Add an empty line between functions (her and in other places)

448

It wasn't obvious to me why callee entry freq >= outlining call's frequency. I think I understand it now - we ensure the non-return block has a single predecessor and hence can't be in a loop, but a comment above would help.

467

This is not in multiples of InstrCost (and also inliner's switch cost computation is more sophisticated now, but you've the TODO above)

499

may be add an assert that OutlinedFunctionCost >= OutlinedRegionCost to potentially catch any bugs.

659

nullptr instead of 0

lib/Transforms/Utils/CodeExtractor.cpp
23

Why do you need this?

754

Why not grab the (only)user to this function in unswitchFunction and get the basic block from there. It adds some overhead, but IMO is cleaner than this.

davidxl updated this revision to Diff 97911.May 4 2017, 10:06 PM
  1. Addressed review feedbacks
  2. More refactorings and naming cleanups (for consistency)
  3. Added handling of function entry count update and a new test case for it.
davidxl marked 5 inline comments as done.May 4 2017, 10:08 PM
davidxl added inline comments.
lib/Transforms/Utils/CodeExtractor.cpp
23

for getCallsiteCost and getInlineCost interface.

754

can you clarify on this?

eraman added inline comments.May 5 2017, 11:07 AM
lib/Transforms/Utils/CodeExtractor.cpp
23

I don't see any use of those interfaces in CodeExtractor.cpp. Am I missing something?

754

Something like cast<CallInst>(*F->user_begin())->getParent() in unswitchFunction should work right?

davidxl updated this revision to Diff 98043.May 5 2017, 5:16 PM

Address feedback -- revert change in CodeExtractor.h and .cc file

Also let the cost analysis only trust PGO and user annotation data. Without PGO, add an option to control the aggressiveness.

davidxl updated this revision to Diff 98580.May 10 2017, 9:18 PM

Further tuned cost/benefit computation with SPEC 2k/06 tuning. Get speedups in a few benchmarks and fixed the regression in perlbmk (many cases with early return branch which is never taken).

Drive-by-comment.

lib/Transforms/IPO/PartialInlining.cpp
755–758

nit: No need for {}'s in single-line bodies.

davidxl updated this revision to Diff 98790.May 12 2017, 9:36 AM

Remove { }

In terms of correctness and heuristics this looks good. I'v a few comments that are mostly stylistic and documentation issues.
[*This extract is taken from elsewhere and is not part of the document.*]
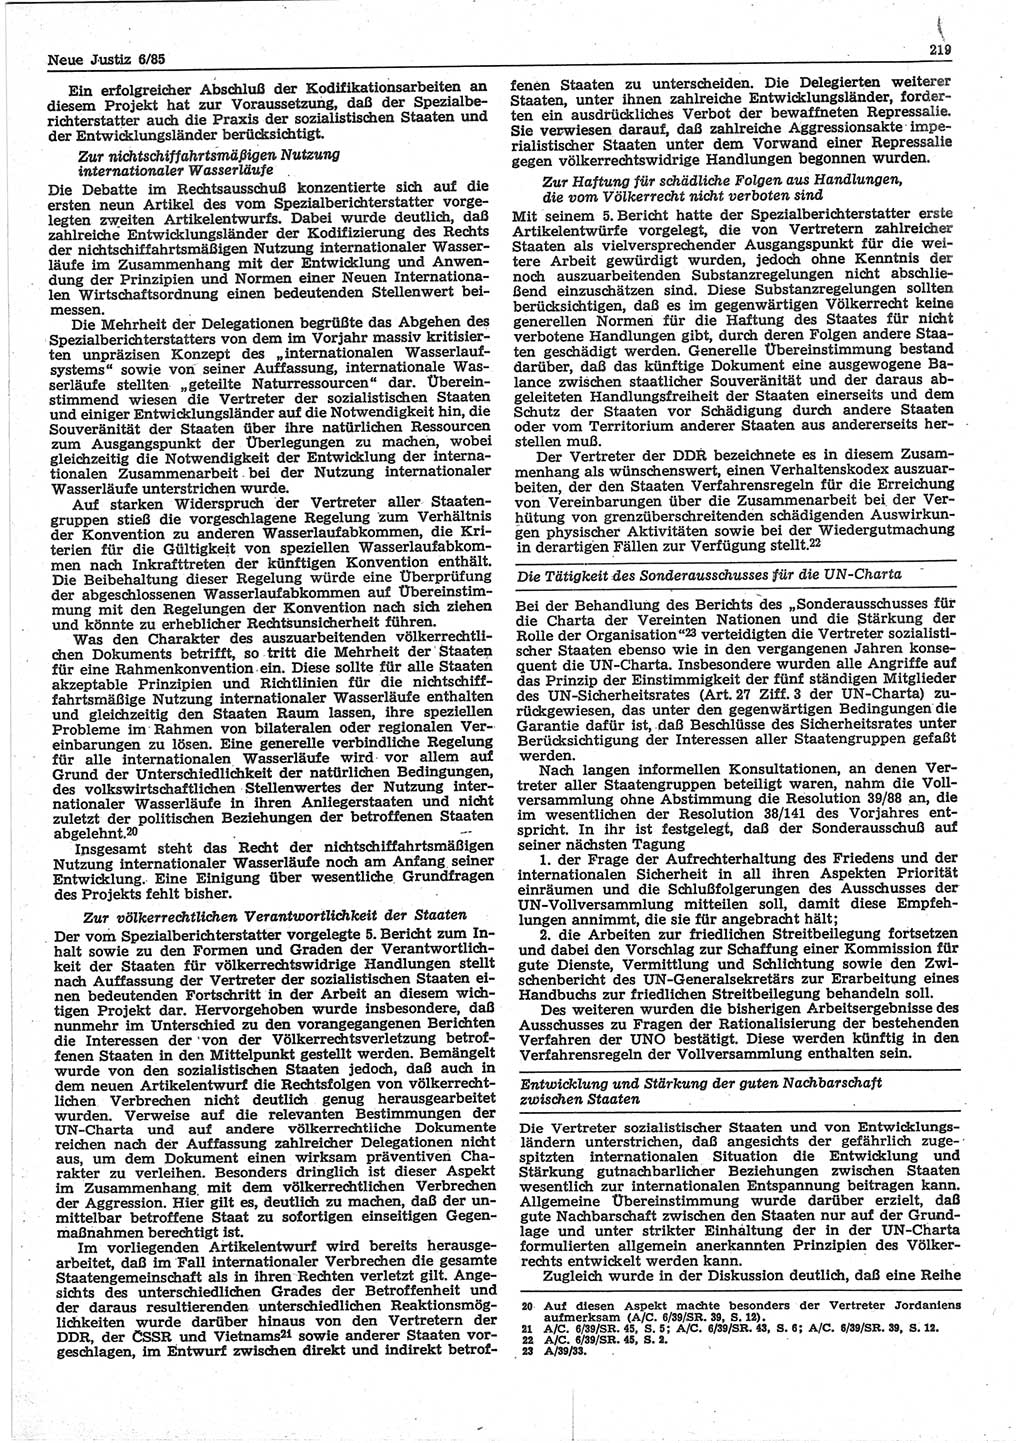 Neue Justiz (NJ), Zeitschrift für sozialistisches Recht und Gesetzlichkeit [Deutsche Demokratische Republik (DDR)], 39. Jahrgang 1985, Seite 219 (NJ DDR 1985, S. 219)

lib/Transforms/IPO/PartialInlining.cpp
49

make this cl::ReallyHidden since it is only used in testing

66

The description string and comment does not make it clear whether this is the upper limit (I think it is) or not.

120

typo: successfully -> successful

132–174

an empty line below

152

Empty line?

166

Not sure if this has been clang-formatted because it looks like the next two lines can be merged into one (I may be wrong)

169

Inline -> InlineCost. usedto->used to

401

I prefer auto here and below since the get methods clearly convey the type.

410

This certainly need some more comments. Essentially you don't want to over-estimate the savings and hence you assume that outlinined region is at least OutlineRegionFreqPercent likely even if BFI tells otherwise.

411

Flip the branch condition and so an early return?

412

std::min

421

auto here and in the next line.

527

move the BFI computation to a lambda maybe?

721

Instead of using two variables with similar names, why not initialize the uint64_t to 0 above the previous if and inside the if do F->getEntryCount()->getValue() ?
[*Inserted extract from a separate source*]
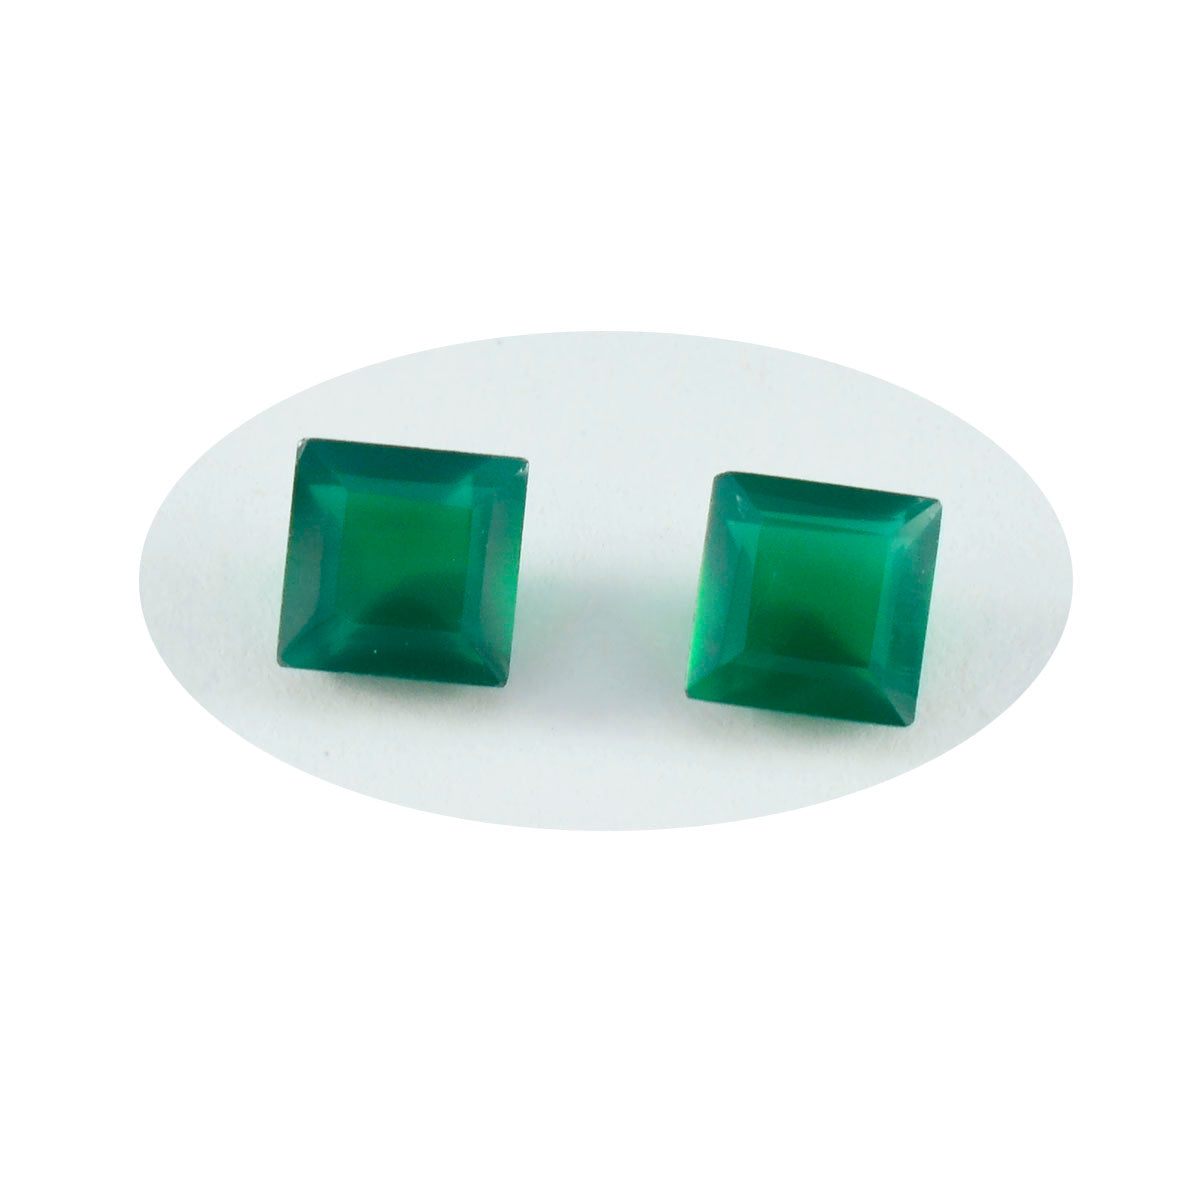 riyogems 1 шт. натуральный зеленый оникс ограненный 9x9 мм квадратной формы драгоценный камень удивительного качества

davidxl marked 10 inline comments as done.May 12 2017, 1:36 PM
davidxl added inline comments.
lib/Transforms/IPO/PartialInlining.cpp
66

Updated the comment.

166

The ; will be @column 80 which clang-format does not like.

721

Both vars are used later. I changed the second var name to make it look friendiler.

davidxl updated this revision to Diff 98834.May 12 2017, 1:37 PM

Address review feedbacks.

eraman accepted this revision.May 12 2017, 1:43 PM

LGTM

lib/Transforms/IPO/PartialInlining.cpp
421

I think you can use auto for NormWeightedRCost also.

This revision is now accepted and ready to land.May 12 2017, 1:43 PM
This revision was automatically updated to reflect the committed changes.